* _INSTRUCTIONS TO FOLLOW_
Restate the listing that follows word for word, without its pictures.

* _GIVEN MATERIAL_
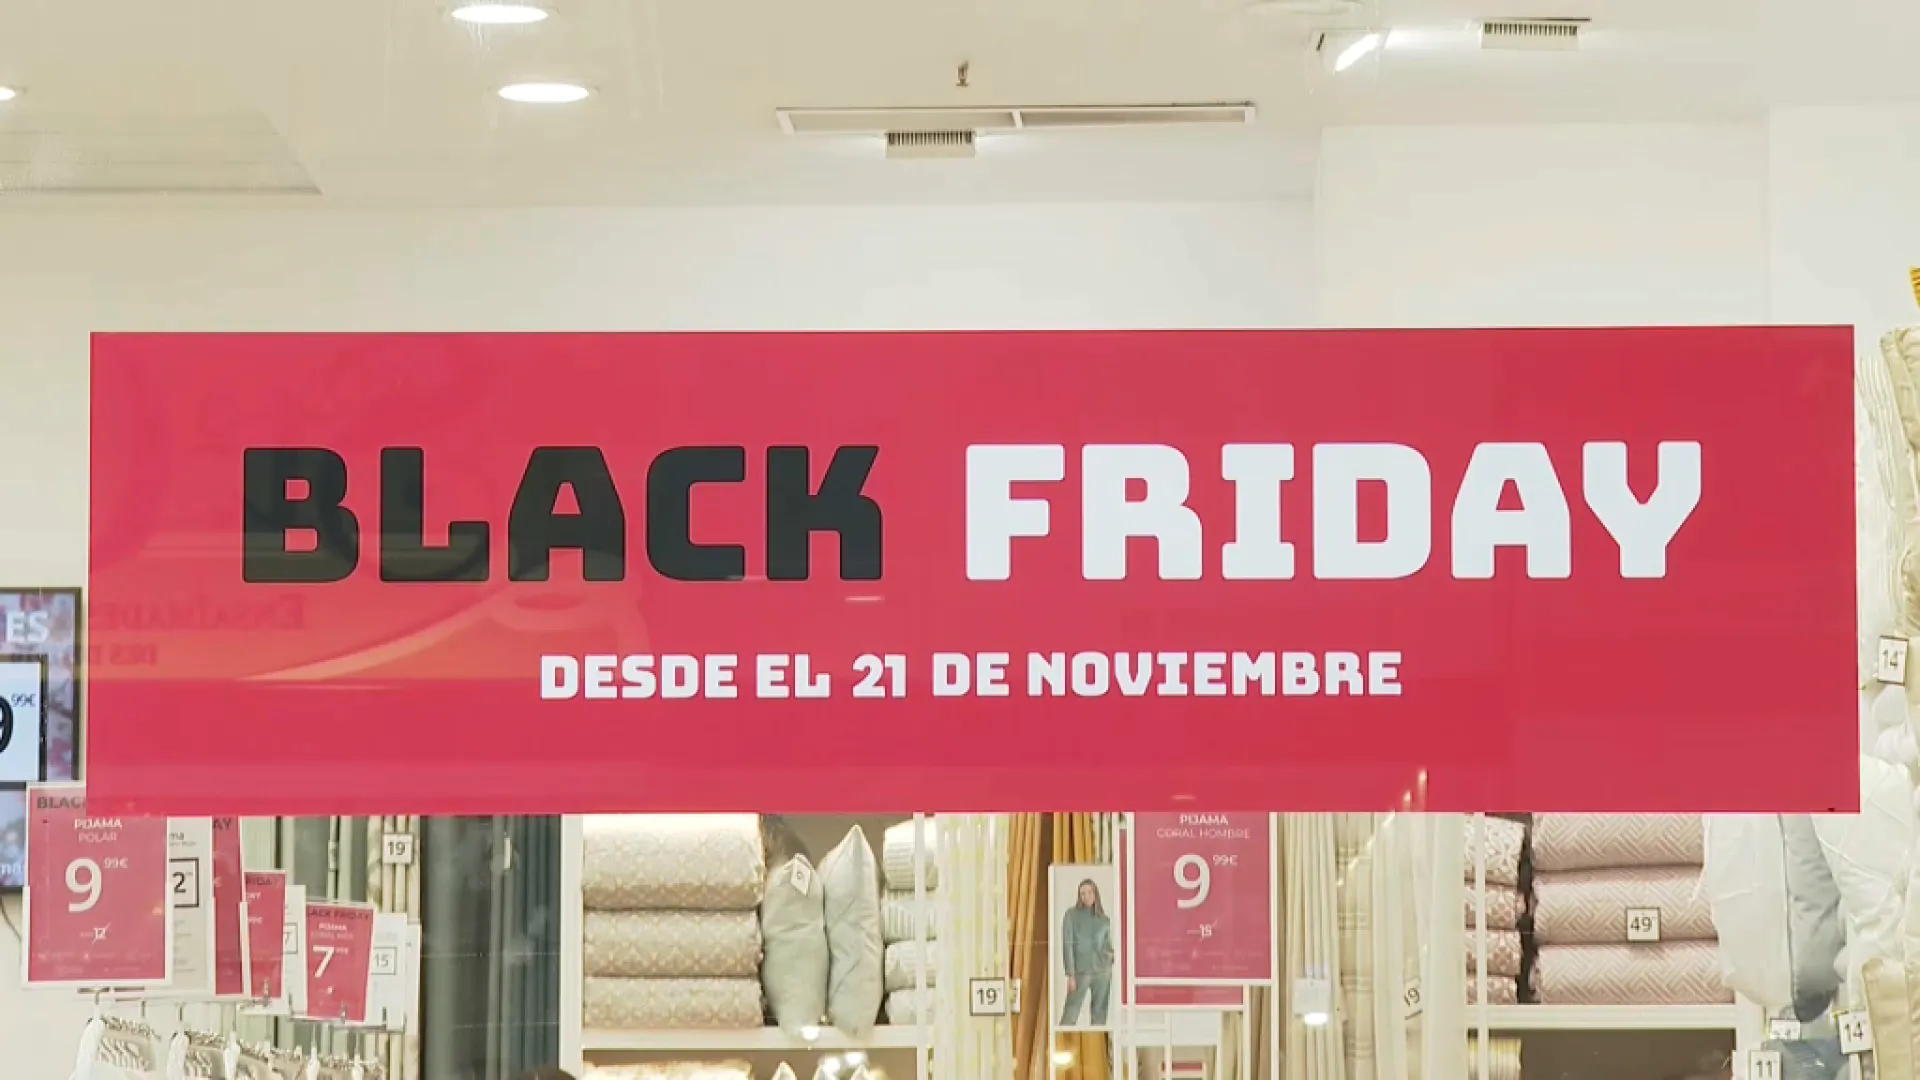 Black+Friday+2022%3A+degoteig+constant+a+les+botigues%2C+per%C3%B2+manco+ofertes+que+anys+anteriors
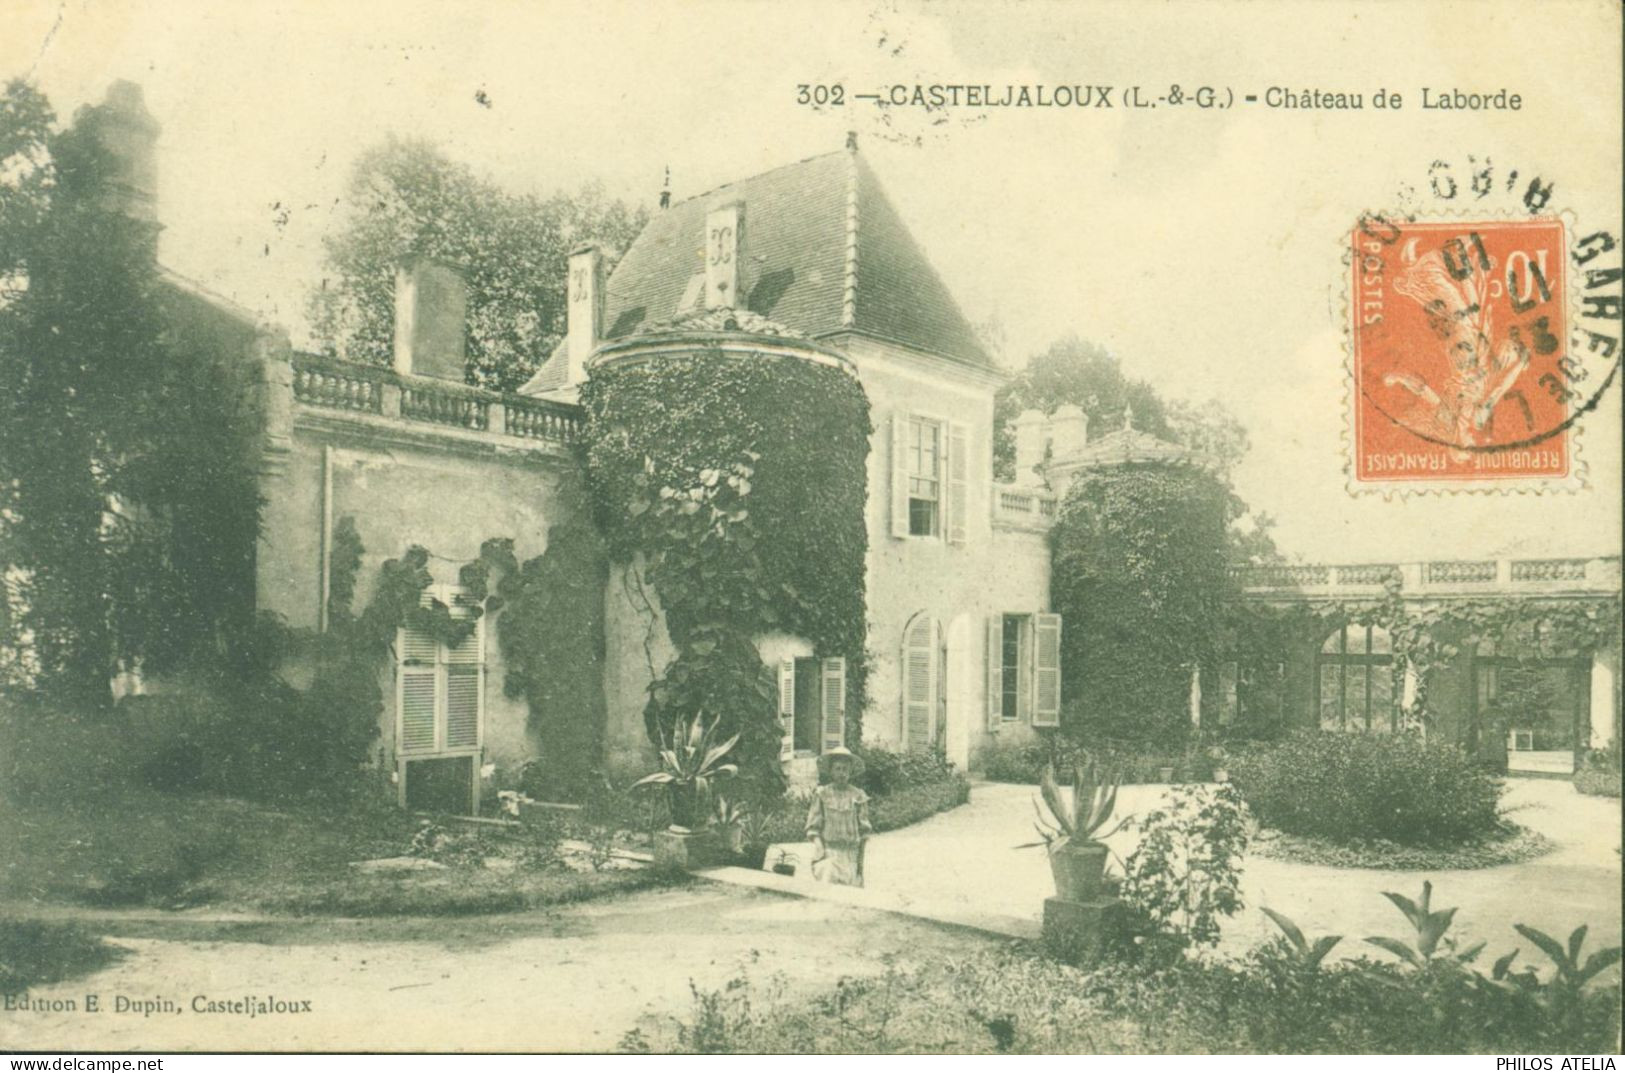 CPA CP Carte Postale Ancienne Lot Et Garonne Casteljaloux Château De Laborde Edition E Dupin Casteljaloux - Casteljaloux
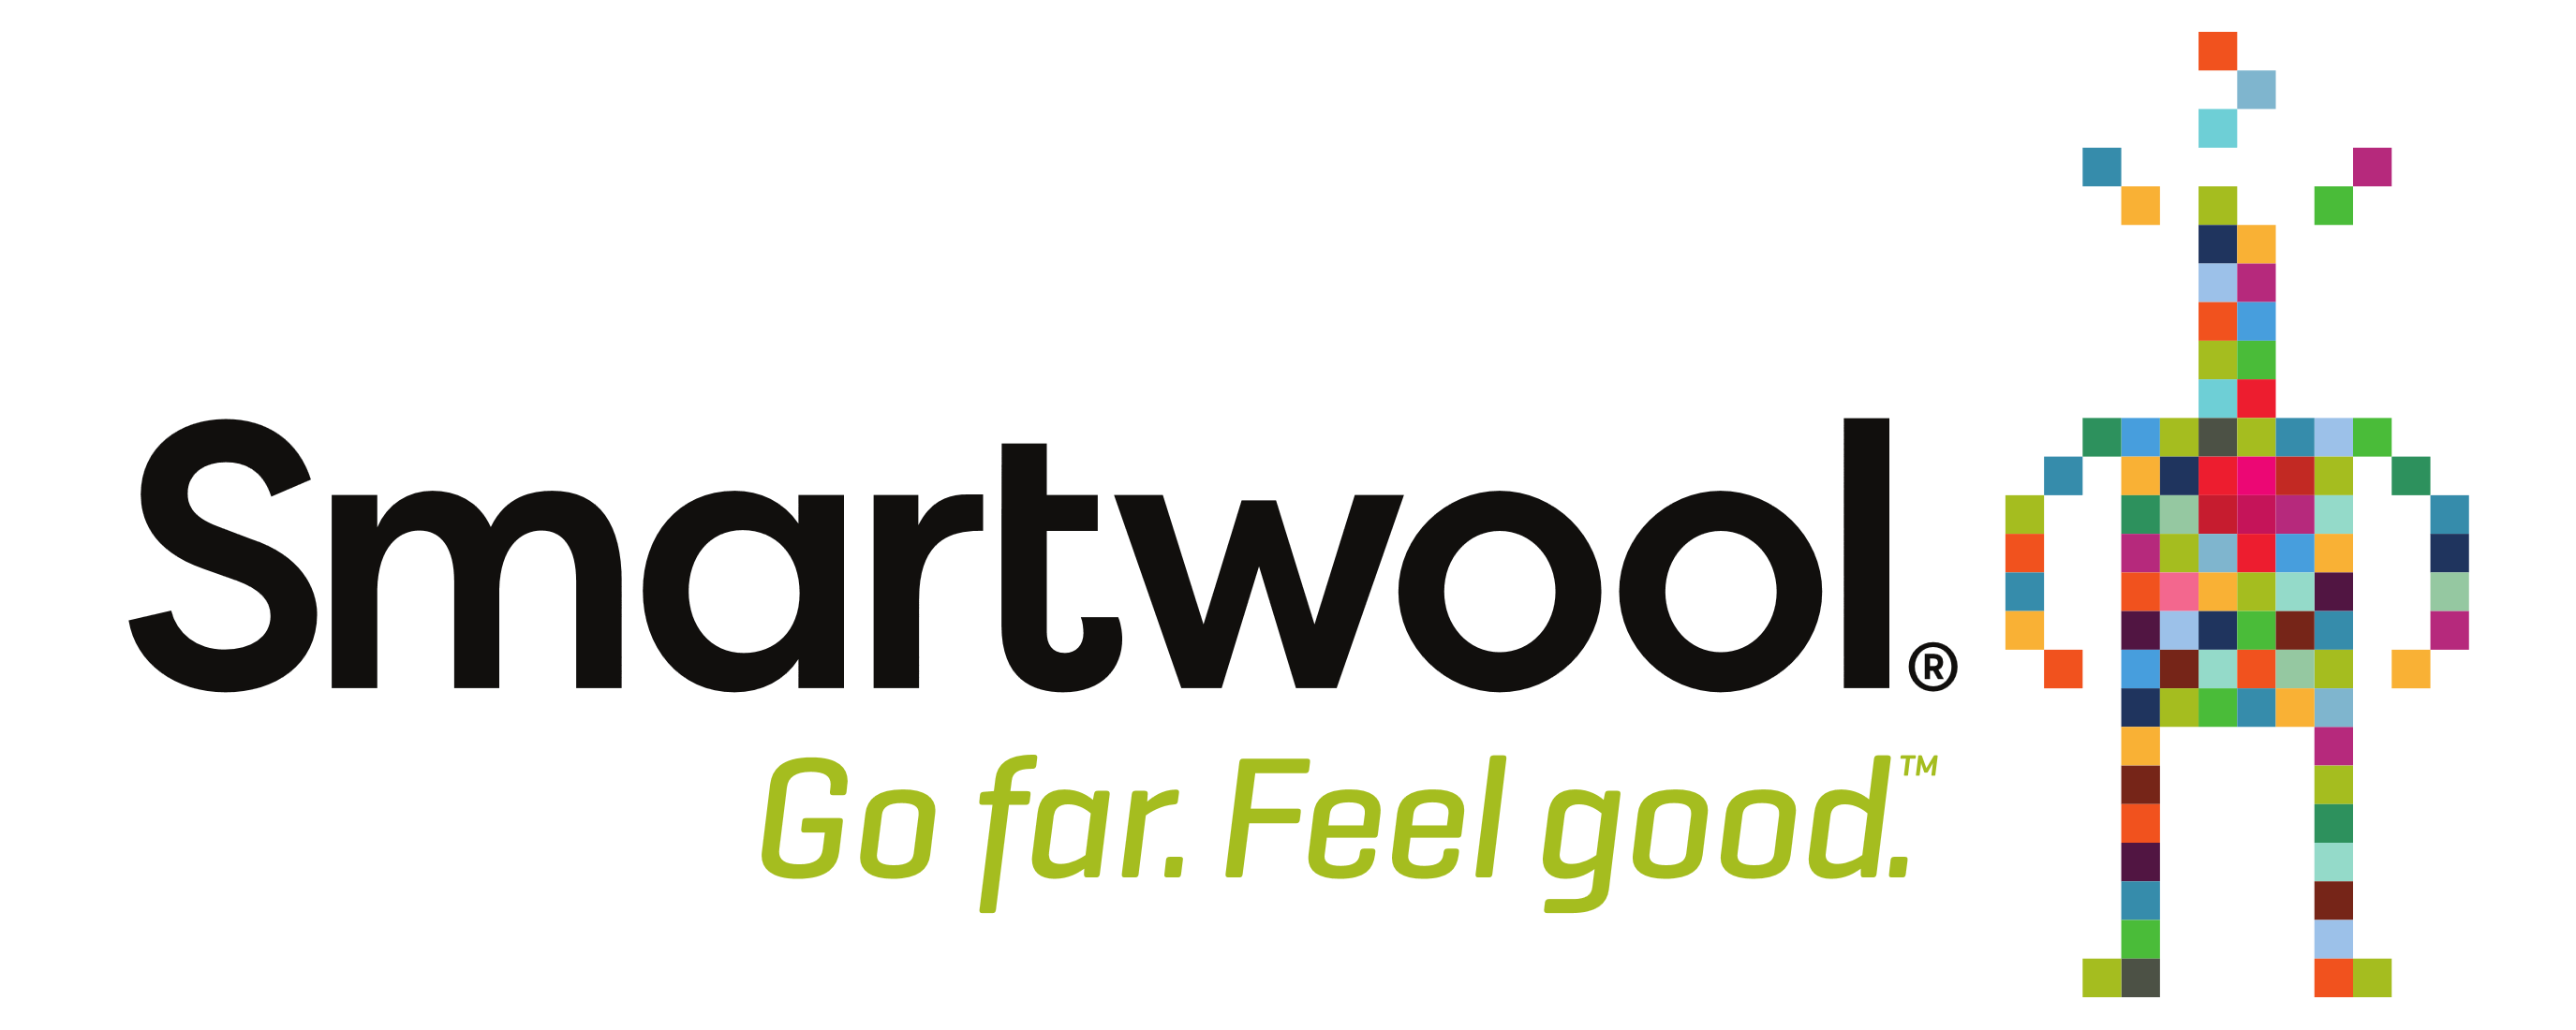 Smartwool – Logos Download
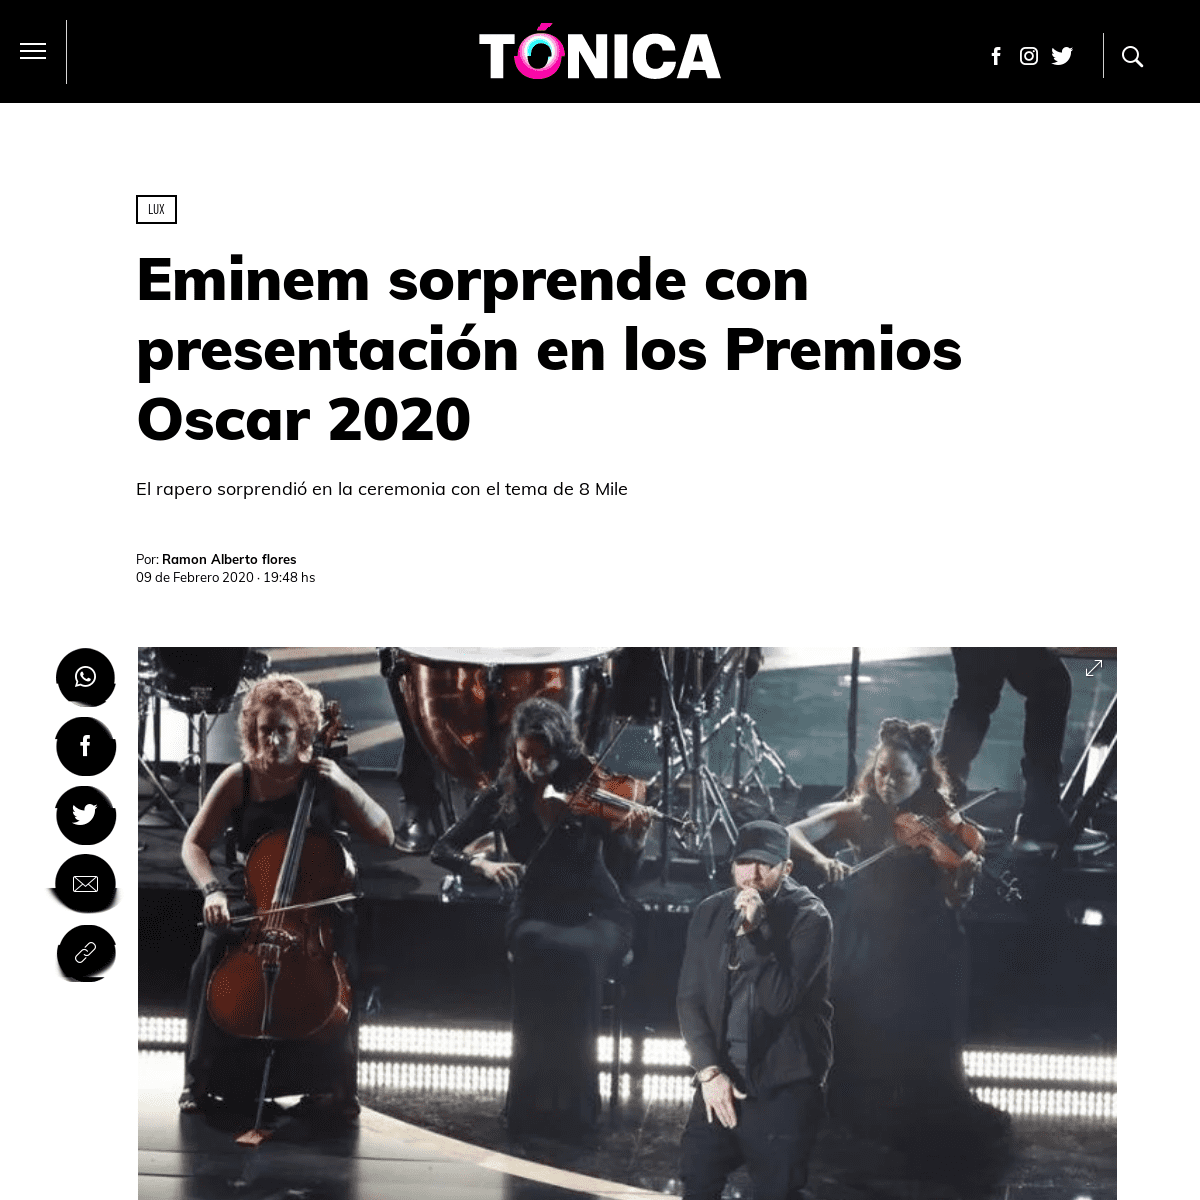 A complete backup of www.tonica.la/lux/Eminem-sorprende-en-los-Oscares-2020-20200209-0017.html

* _FINISHED TASK_
 Black+Friday+2022%3A+degoteig+constant+a+les+botigues%2C+per%C3%B2+manco+ofertes+que+anys+anteriors
 CPA CP Carte Postale Ancienne Lot Et Garonne Casteljaloux Château De Laborde Edition E Dupin Casteljaloux - Casteljaloux
 Smartwool – Logos Download
 A complete backup of www.tonica.la/lux/Eminem-sorprende-en-los-Oscares-2020-20200209-0017.html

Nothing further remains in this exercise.